For just as each of us has one body with many members, and these members do not all have the same function, so in Christ we, though many, form one body, and each member belongs to all the others. We have different gifts, according to the grace given to each of us. If your gift is prophesying, then prophesy in accordance with your faith; if it is serving, then serve; if it is teaching, then teach; if it is to encourage, then give encouragement; if it is giving, then give generously; if it is to lead, do it diligently; if it is to show mercy, do it cheerfully. (Romans 12:4-8)

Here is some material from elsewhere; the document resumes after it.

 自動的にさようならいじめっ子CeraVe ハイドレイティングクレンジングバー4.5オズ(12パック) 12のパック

Not everyone gets to be the star, but no one gets to ride the coattails of one, either.  There is something about belonging to a team that should drive us to contribute to a team, and a good coach helps us see that.  It’s one of the lessons that my coach taught me that changed the way I’ve lived ever since, and over the years as I’ve struggled to find my place on all sorts of different teams, it’s helped to remember sitting on that bus and knowing that I had a role to play.

It’s also helped to remember my manners, and our coach had an interesting way of teaching us about honor and respect.  He told us that every time a referee handed us the ball to shoot free throws in a game, we were to look him in the eye and say,

“Thank you, sir.”

Every time.  It didn’t matter if we were ahead or behind, or if that same ref had made every bad call in the history of the game to that point.  When we stood at that line and got the ball, we told him thank you.  And we called him sir, because we would give respect even if it wasn’t deserved.

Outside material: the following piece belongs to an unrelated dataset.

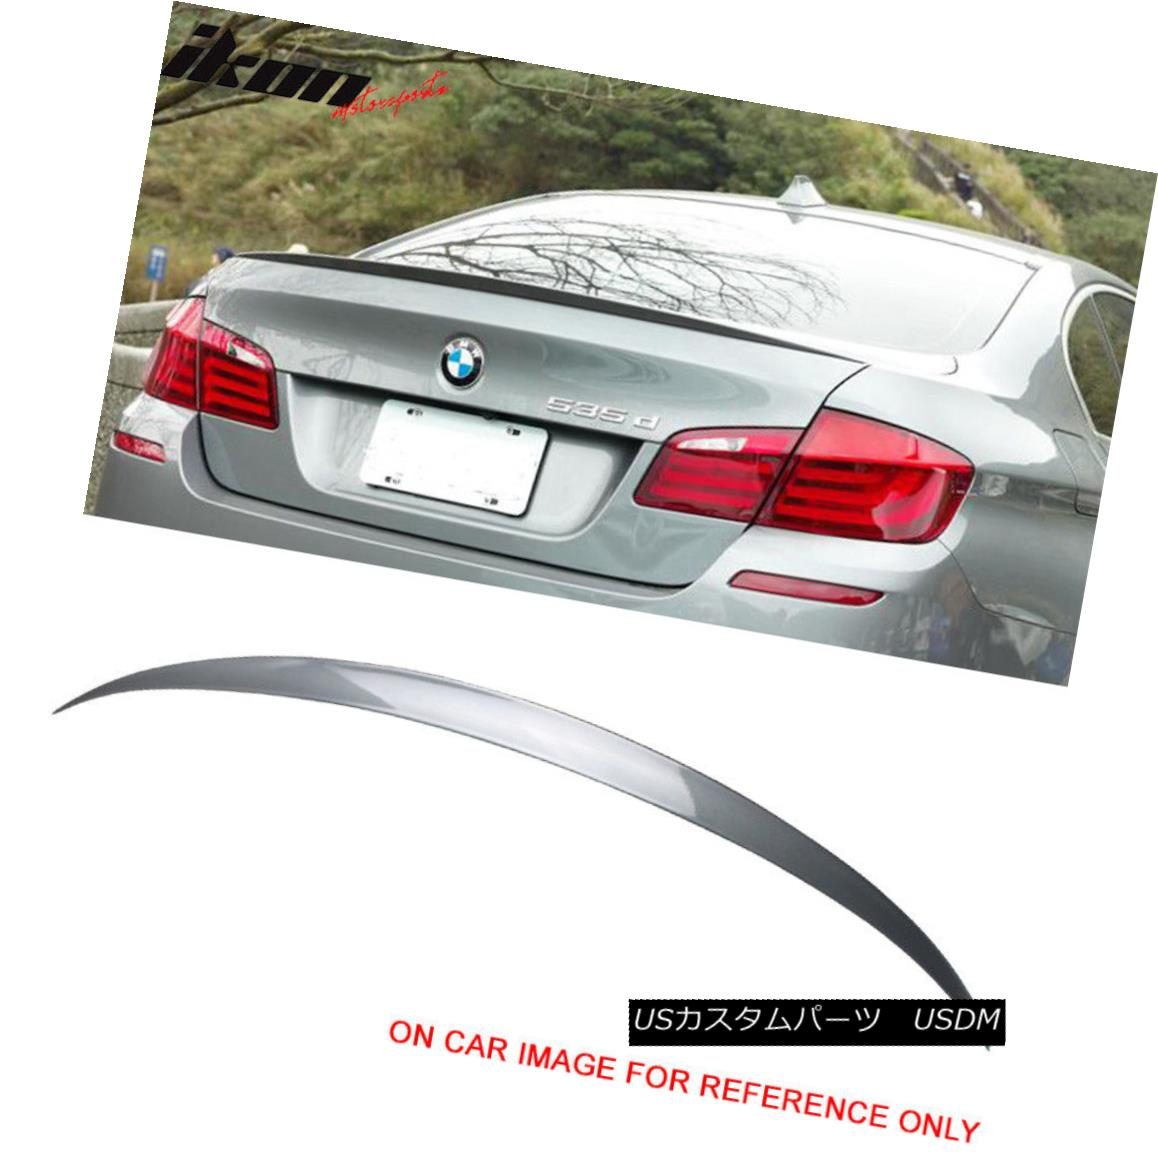 エアロパーツ 11-16 BMW F10 Sedan 4Dr M5 Style Painted Trunk Spoiler #A52 Space Gray Metallic 11-16 BMW F10セダン4Dr M5スタイル塗装トランク・スポイラー#A52スペース・グレー・メタリック

A lot has changed since my middle school years, both personally and culturally.  Children don’t call adults by Mr. and Mrs. anymore and respect for authority can sometimes be hard to find.  Not surprisingly, I didn’t go on to a career in the NBA or any other professional sport.  But I have grown up with a strong desire to play my part and to honor those around me to the best of my ability.

And if we’re ever playing basketball sometime in the future and you foul me, I’ll quietly step to the free throw line, and when you throw me the ball, you’ll probably hear me say, “Thank you, sir.”

All because a coach put me on the team.